Does your data indicate that people are sticking with guitar as a result of Fender Play? What lessons have you learned about executing an online learning program like this?

Well, one thing we learned pretty quickly is that it’s a much more seasonal business than we anticipated. The biggest retail day of the year, if you want to put it in those terms, is December 25th. A consumer gets a guitar under the Christmas tree, and then goes to their iPhone or their Android to find out where to get lessons. And the intensity of interest in trying to find lessons really sustains through to the end of January, and then subsides in the spring, but starts to pick up again for back-to-school. And then the cycle starts all over again, peaking on December 25th. We’ve only been through one cycle of learning, and the first cycle of Fender Play only included lessons for six-string guitar.
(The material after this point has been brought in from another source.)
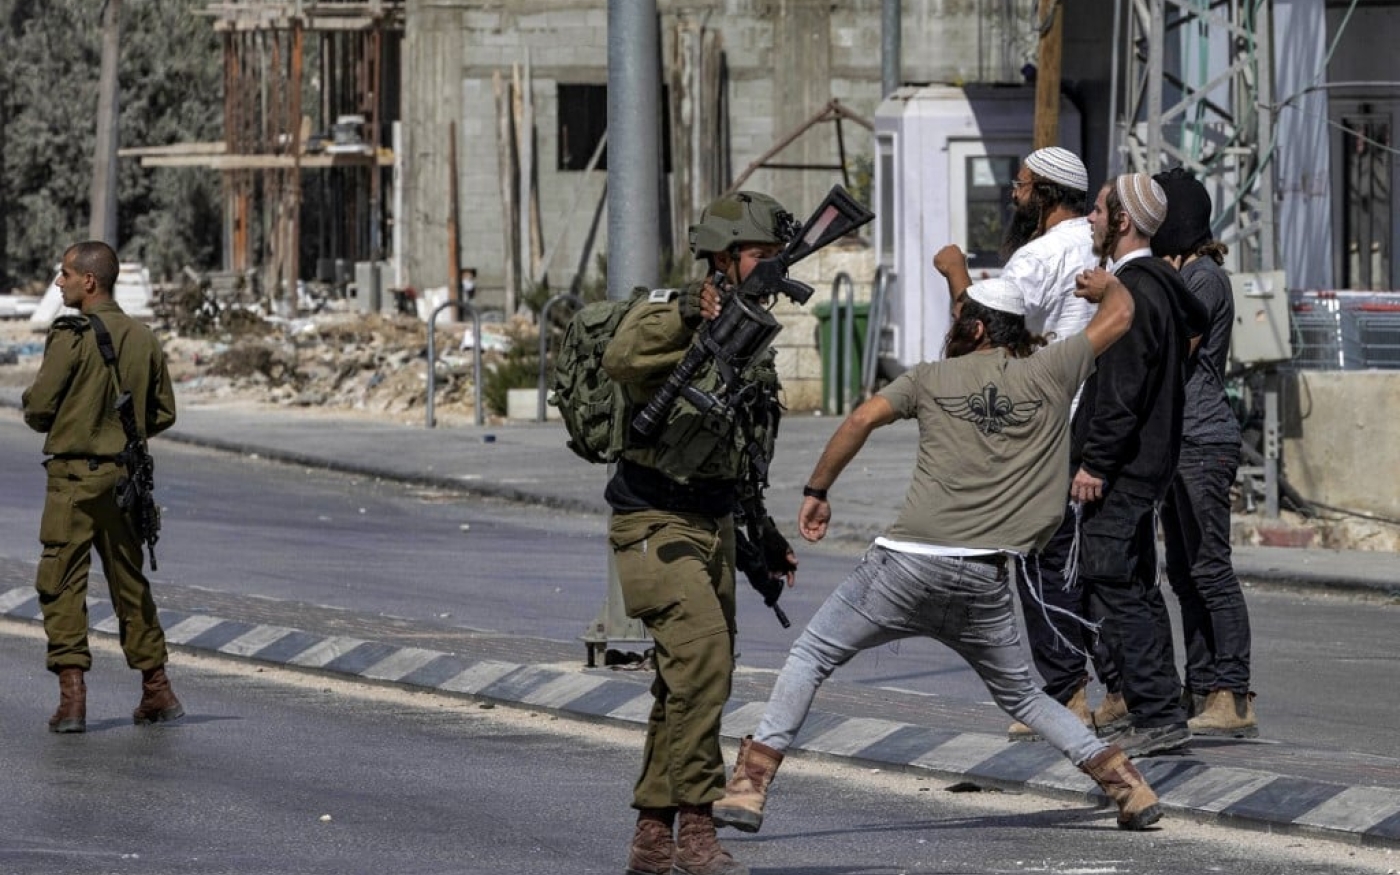 Des soldats israéliens protègent des colons israéliens qui jettent des pierres en direction de Palestiniens (non visibles sur la photo) au cours d’affrontements dans la ville de Huwwara (Cisjordanie occupée), le 13 octobre 2022 (AFP)

As we go through this second cycle, our goals are to significantly increase the user base and to have the user base commit to learning for a longer period.

So, for the second cycle, we’ve expanded the product offering to include bass guitar and ukulele. We’ve offered an annual subscription that offers two things: an effective 25-percent reduction in the equivalent monthly subscription cost by moving to annual, and a 10-percent discount on Fender purchases at participating dealers or at fender.com. So, we set this up to get more people, playing longer, buying more product. And the vast majority of our dealers are very excited about the potential of that in Q4. And we’re excited, too.

One element of Fender’s current business model is selling products direct-to-consumer, rather than relying solely on the dealer channel. How is this working in Fender’s favor?

Well, direct-to-consumer was very controversial, particularly in the US, when we first launched. But, the reality is, it’s only 1.5 percent of our total US revenues. And, of that 1.5 percent, half of the revenues come from our Mod Shop program. And 25 percent comes from left-handed guitars that left-handed players simply can’t find at retail. Another big part is relatively obscure or niche artist models, as well as apparel and accessories that are perhaps not as widely displayed at retail. So, I think dealers have learned over the recent past that we’re really not in conflict with them. And there’s a lot of benefit that comes from fender.com, because, when people search for something that even we don’t have, we’re able to direct them through a “Buy Local” button to dealers that do have the product in stock. So, we are generating through fender.com store traffic and online traffic for our dealer base. We’re not really in conflict with them.

What do you feel the industry can do to create more guitar players? GAMA is listening.

For almost 70 years, the industry has concentrated on one consumer, which is the player who is already committed. That doesn’t generate industry growth, and it’s actually a little bit counterproductive, because then the retailer or the wholesaler just end up fighting for a static market through price reductions. So, you see price compression and market compression. That’s not positive.

I’m not saying we shouldn’t focus on committed players, but we need to be equally focused on bringing new players into the market and getting those players to commit for life. I would encourage retailers to make a commitment to new players. Make the physical, in-store environment inviting for new players…make it inviting for women, who are fueling a lot of the new purchases in the market. And mimic that on your website presentations. It’s about new players in general, and it’s about new female players in particular. That, for me, is the missing link in terms of the real opportunity that I think exists in the marketplace today.